The Method has the advantage that the implant produced in one piece is formed and foldable by the flexible cover and so on for example, for implantation on a catheter can be applied. The production of the entire implant in one piece reduces the time and expense.

Preferably comprises at least one process step of the invention Procedure the use of a pulsed laser. The use of the laser enables a particularly fast and cost-effective Manufacturing, especially if the laser in several process steps is used, since doing the implant on the steps away in the same machine and thus additional Setup and storage times are minimized.

at In a preferred embodiment, the pulsed laser a pulse duration of less than 100 picoseconds, in particular 10 Picoseconds, especially 1 picosecond. Furthermore, the Laser has a pulse duration of 500 femtoseconds, in particular 100 femtoseconds, especially 50 femtoseconds. Due to the low pulse durations In the machining process, the formation of a melt phase is avoided whereby a particularly dimensionally accurate production allows becomes.

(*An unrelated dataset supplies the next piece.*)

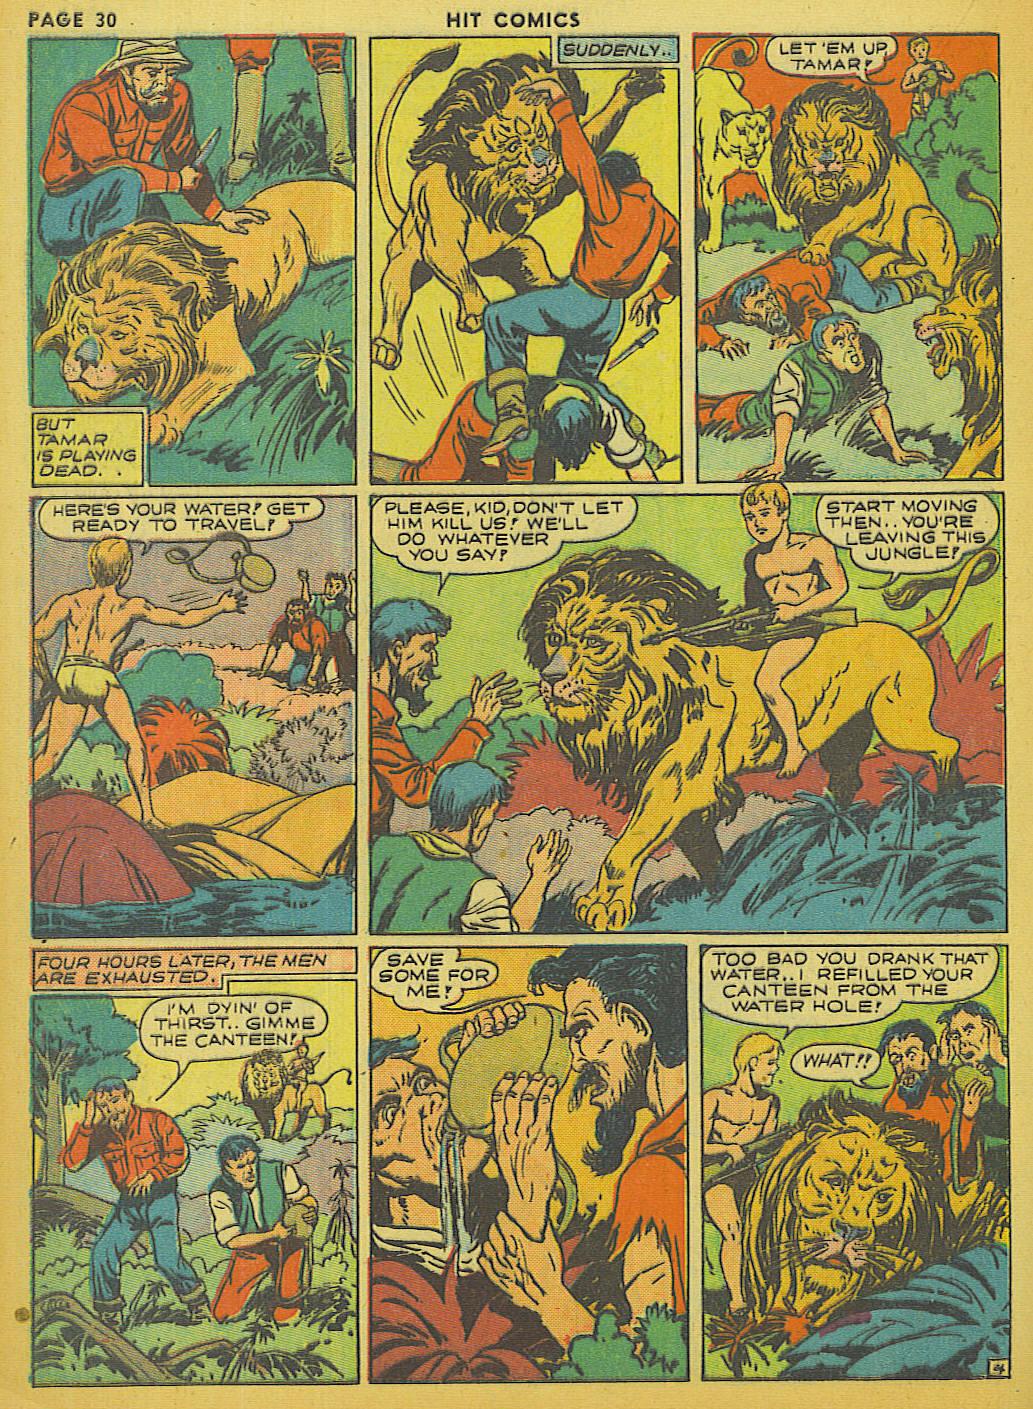 Read online Hit Comics comic -  Issue #13 - 32

The The method according to the invention can also be an etching method include. It is also possible that the erosive process a mechanical removal method comprises.

at a preferred embodiment of the invention Procedure, the starting material is a tube, leaving the implant can be used in the form of a stent.

Further can the starting material of the invention Method also have a flat material. The free ends of the Flat material can in a third process step - after the steps described in claim 5 - form and / or be positively connected with each other. Especially The connection can be made by a laser welding process or a bonding done. In case of a stent-implant allows this procedure by the choice of spatial orientation the sheet when joining the ends of an arrangement the cover either on the outer circumference or on the inner circumference the support structure. Also a middle arrangement of the cover between the grid elements, in particular webs, is conceivable d. H. the wall thickness of the starting material becomes bilateral partially reduced by the same amount; the cover is set so centrally on the web surface aligned radially to the support structure at.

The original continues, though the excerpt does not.